Ed, your suggestions did indeed jar loose some ideas for my revision, for which many thanks.

Everyone: does anything in this one still feel off?

AZ Foreman 05-24-2018 06:32 PM

I think the "starts with L" bit is right on the money in terms of tone. And oddly in keeping with what that commentator said of him:

Io scrittore udii dire a Dante, che mai rima nol trasse a dire altro che quello ch'avea in suo proponimento; ma ch'elli molte e spesse volte facea li vocaboli dire nelle sue rime altro che quello, ch'erano appo gli altri dicitori usati di sprimere

"as naturally we'll be with them" carries a nice bit of wordplay. "As well" matches the emphatic tone of the pronoun at the end as well. I would add something to set "of course" off from "along." "Along —of course— or "along, of course," otherwise it takes a bit longer to parse.
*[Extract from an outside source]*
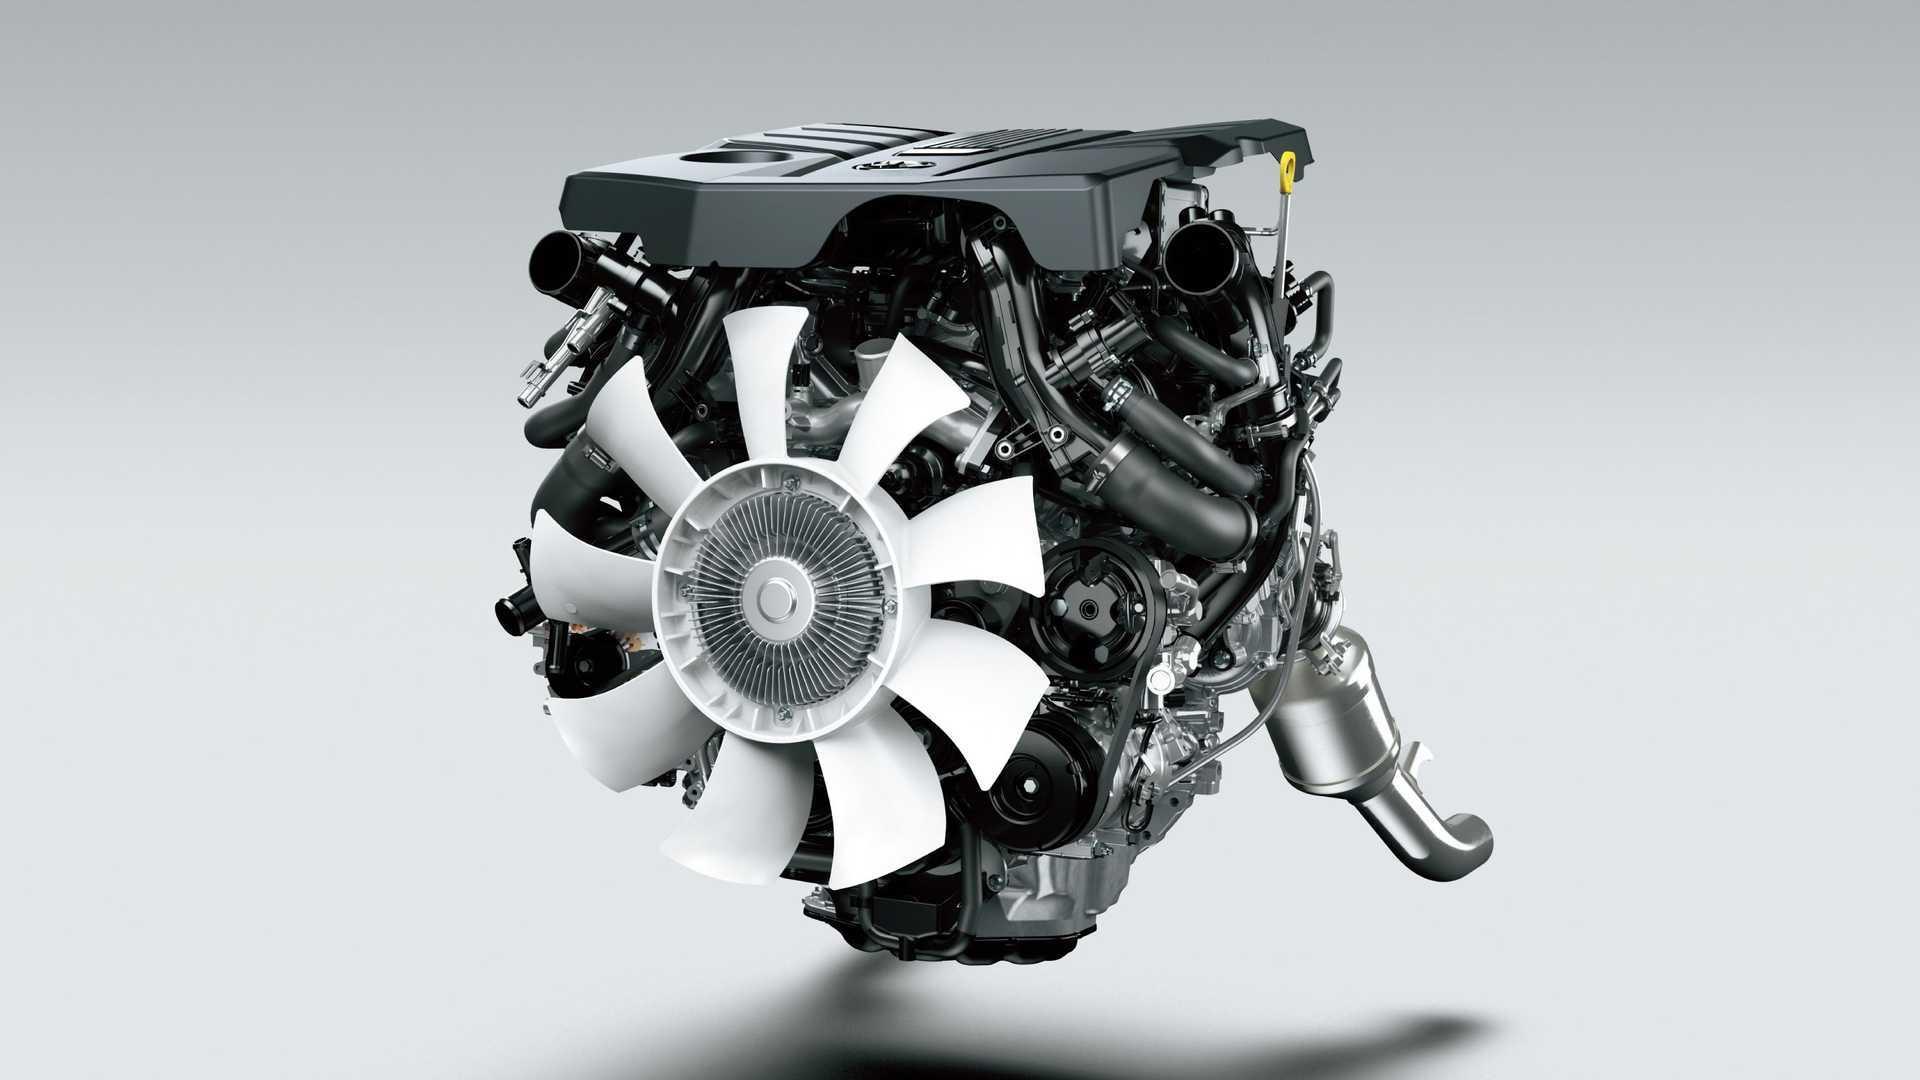 豐田全新陸地巡洋艦正式亮相,配3.5T V6引擎+10AT變速箱,內飾大變樣更豪華

I'm not sure "gale or tempest" sufficiently conveys the multiple resonances of "fortuna od altro tempo rio." I get that Fortuna is short for Fortunale here, but the term "Fortuna" is so loaded (and is used so much by Dante in its classic sense) that the other sense seems important to the flavor of the passage. Doubly so when I see it placed alongside "tempo." The denotative meaning of the passage is obv. "storm or foul weather" but connotatively it seems to pack a much broader punch, if only ironically. I have no idea how you'd work that dimension of wordplay into the English, but it seems like it would be worth trying.

Bill Carpenter 05-24-2018 08:40 PM

Much enjoyed this experiment in eliciting a playful tone from Dante, which I think is quite successful. The frequent enjambments heighten the sense of play. Nothing off to me. I especially like "blows away."